Тонко. Жалобно. На одной бесконечной ноте, от которой сжималось сердце и холодела душа. Звук плыл сквозь чащу, сквозь тьму, пробирался в самые потаенные уголки, и в нем не было ничего утешительного. Только предупреждение. Только зов. Только обещание беды.
Ему ответил вой.
Протяжный, многоголосый, он поднялся откуда-то из низин, из болот, из черных провалов между корнями. В этом вое смешались волчьи голоса – голодные, злые, хищные. И нечто иное. Металлический лязг, скрежет костей друг о друга, стук тысячи челюстей, клацающих в унисон. Нечисть поднималась. Собиралась. Шла.
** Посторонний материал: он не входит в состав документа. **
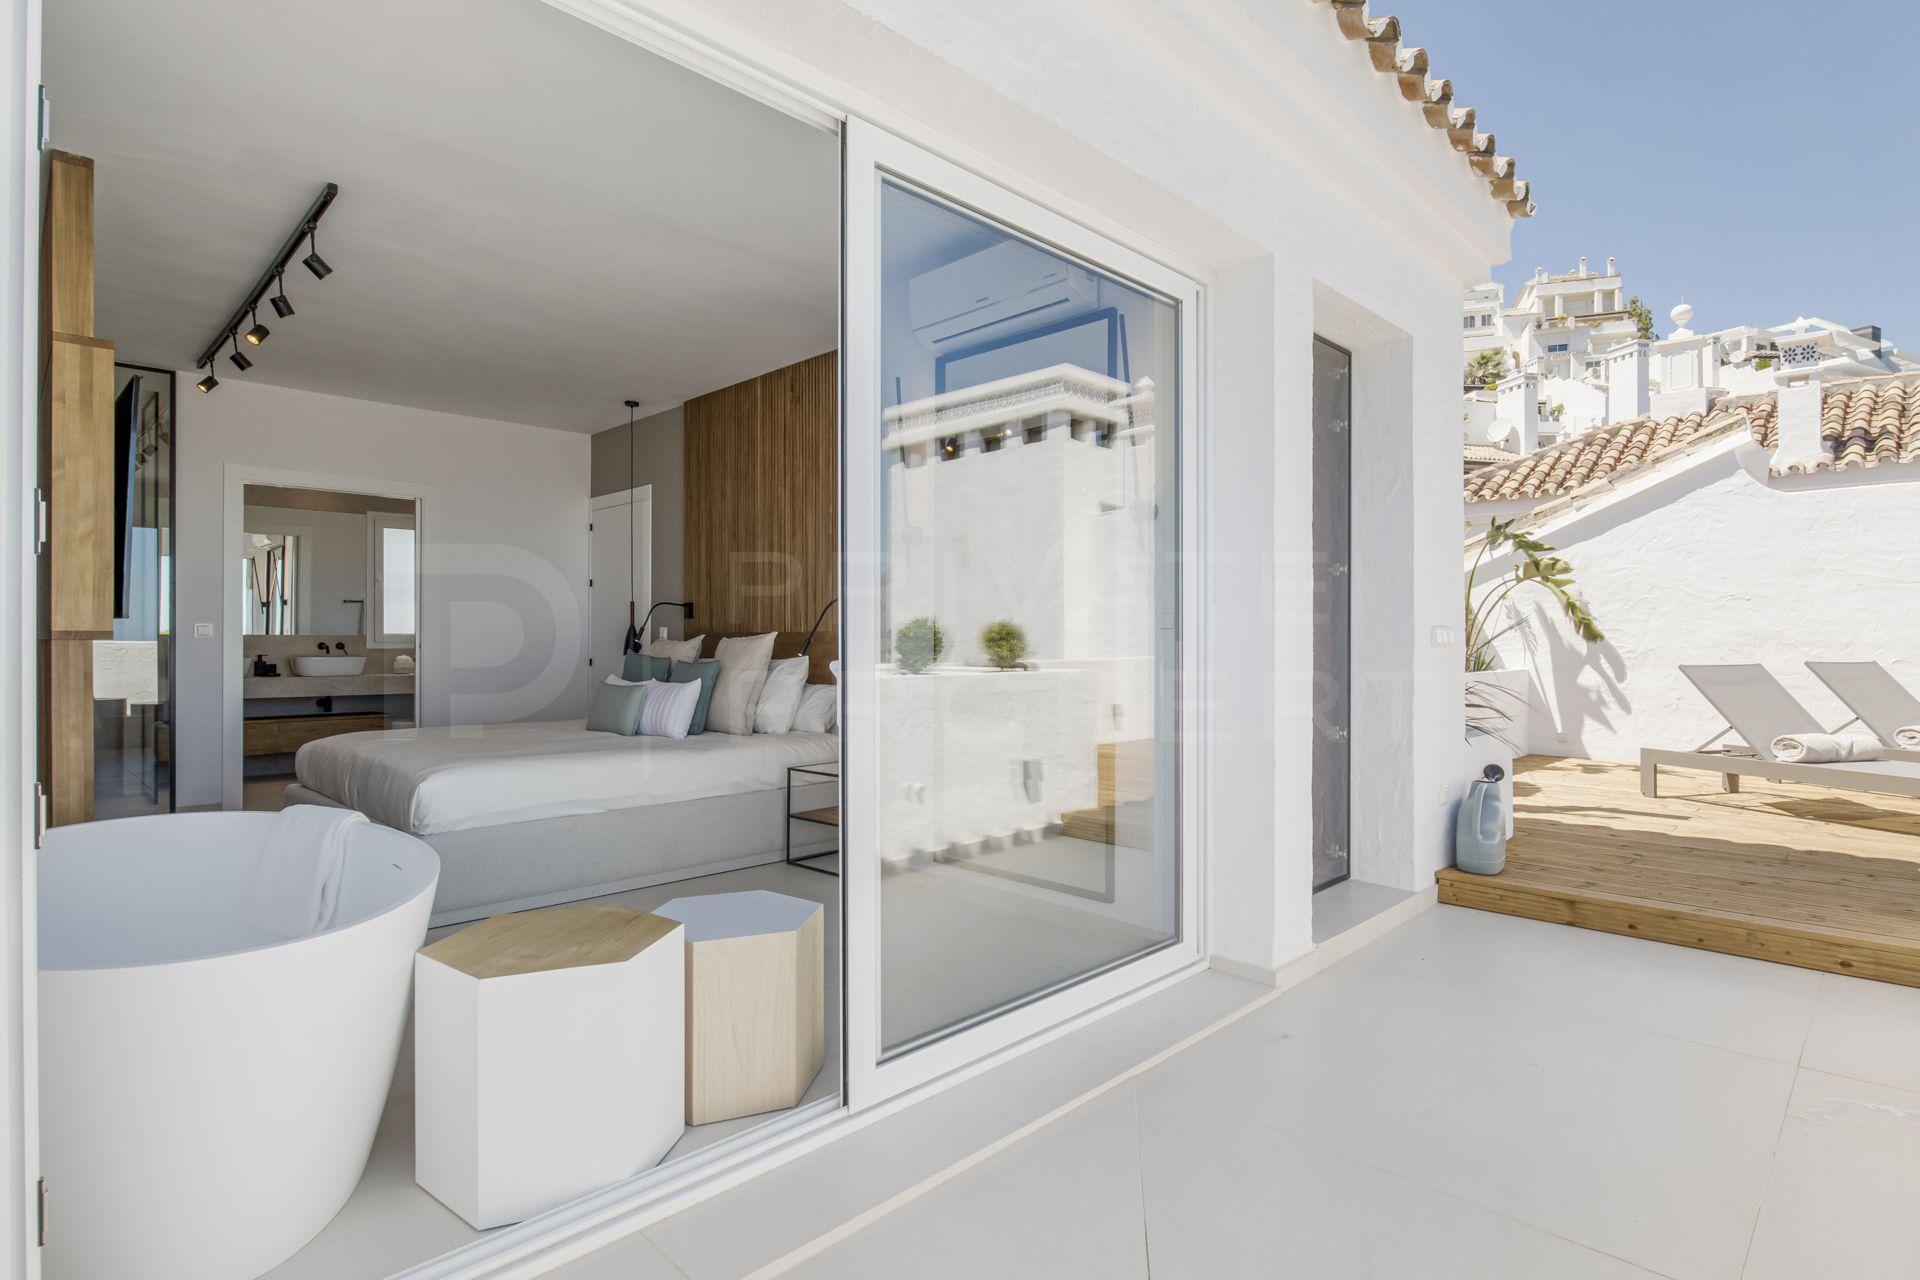 Duplex penthouse in Las Colinas

Я поняла, что пора просыпаться. Что если я останусь здесь еще хоть на мгновение, то услышу нечто такое, отчего проснуться уже не смогу никогда. Что грань между сном и явью истончилась до предела, и еще чуть-чуть – и я провалюсь туда, на ту сторону, откуда нет возврата.
Я рванулась. Изо всех сил, каких у меня не было, рванулась прочь, вверх, сквозь слои сна, сквозь тьму и холод, сквозь вой и лязг, сквозь собственный страх, вцепившийся мертвой хваткой в горло.
Я открыла глаза в своей комнате.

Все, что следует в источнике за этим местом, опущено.